About this exercise >> Copy every line from the one containing "une pièce de" through the last line of the records below, both included, and nothing else.

Source material >>
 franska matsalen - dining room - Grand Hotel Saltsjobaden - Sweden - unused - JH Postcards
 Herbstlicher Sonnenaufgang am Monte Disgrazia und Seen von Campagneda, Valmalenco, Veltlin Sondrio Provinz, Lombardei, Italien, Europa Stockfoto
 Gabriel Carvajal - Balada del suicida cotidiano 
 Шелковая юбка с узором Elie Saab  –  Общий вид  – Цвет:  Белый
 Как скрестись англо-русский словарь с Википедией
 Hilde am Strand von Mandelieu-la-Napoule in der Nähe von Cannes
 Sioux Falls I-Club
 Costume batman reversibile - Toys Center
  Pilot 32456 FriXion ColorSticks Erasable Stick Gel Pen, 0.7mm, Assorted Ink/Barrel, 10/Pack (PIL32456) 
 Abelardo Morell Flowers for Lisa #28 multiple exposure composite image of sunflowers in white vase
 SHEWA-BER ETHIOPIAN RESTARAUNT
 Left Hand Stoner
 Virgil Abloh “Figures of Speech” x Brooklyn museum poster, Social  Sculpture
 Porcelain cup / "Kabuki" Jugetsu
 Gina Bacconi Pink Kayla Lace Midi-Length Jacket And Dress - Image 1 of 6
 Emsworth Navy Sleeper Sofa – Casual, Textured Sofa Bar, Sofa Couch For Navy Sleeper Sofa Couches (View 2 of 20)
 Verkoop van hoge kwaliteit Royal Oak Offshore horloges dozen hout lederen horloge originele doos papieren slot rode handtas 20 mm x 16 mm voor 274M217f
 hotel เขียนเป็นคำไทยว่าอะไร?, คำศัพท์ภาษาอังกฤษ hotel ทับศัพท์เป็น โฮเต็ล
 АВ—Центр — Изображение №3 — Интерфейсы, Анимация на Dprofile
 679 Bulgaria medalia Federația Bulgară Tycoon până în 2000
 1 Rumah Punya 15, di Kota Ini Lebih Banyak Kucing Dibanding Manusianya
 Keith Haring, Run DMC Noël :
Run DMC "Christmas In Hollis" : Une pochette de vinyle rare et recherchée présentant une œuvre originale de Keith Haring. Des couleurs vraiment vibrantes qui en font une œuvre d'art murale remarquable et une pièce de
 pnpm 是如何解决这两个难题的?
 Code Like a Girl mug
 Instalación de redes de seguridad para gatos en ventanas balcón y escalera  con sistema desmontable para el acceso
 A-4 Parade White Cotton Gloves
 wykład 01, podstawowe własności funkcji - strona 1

Answer box >>
Run DMC "Christmas In Hollis" : Une pochette de vinyle rare et recherchée présentant une œuvre originale de Keith Haring. Des couleurs vraiment vibrantes qui en font une œuvre d'art murale remarquable et une pièce de
 pnpm 是如何解决这两个难题的?
 Code Like a Girl mug
 Instalación de redes de seguridad para gatos en ventanas balcón y escalera  con sistema desmontable para el acceso
 A-4 Parade White Cotton Gloves
 wykład 01, podstawowe własności funkcji - strona 1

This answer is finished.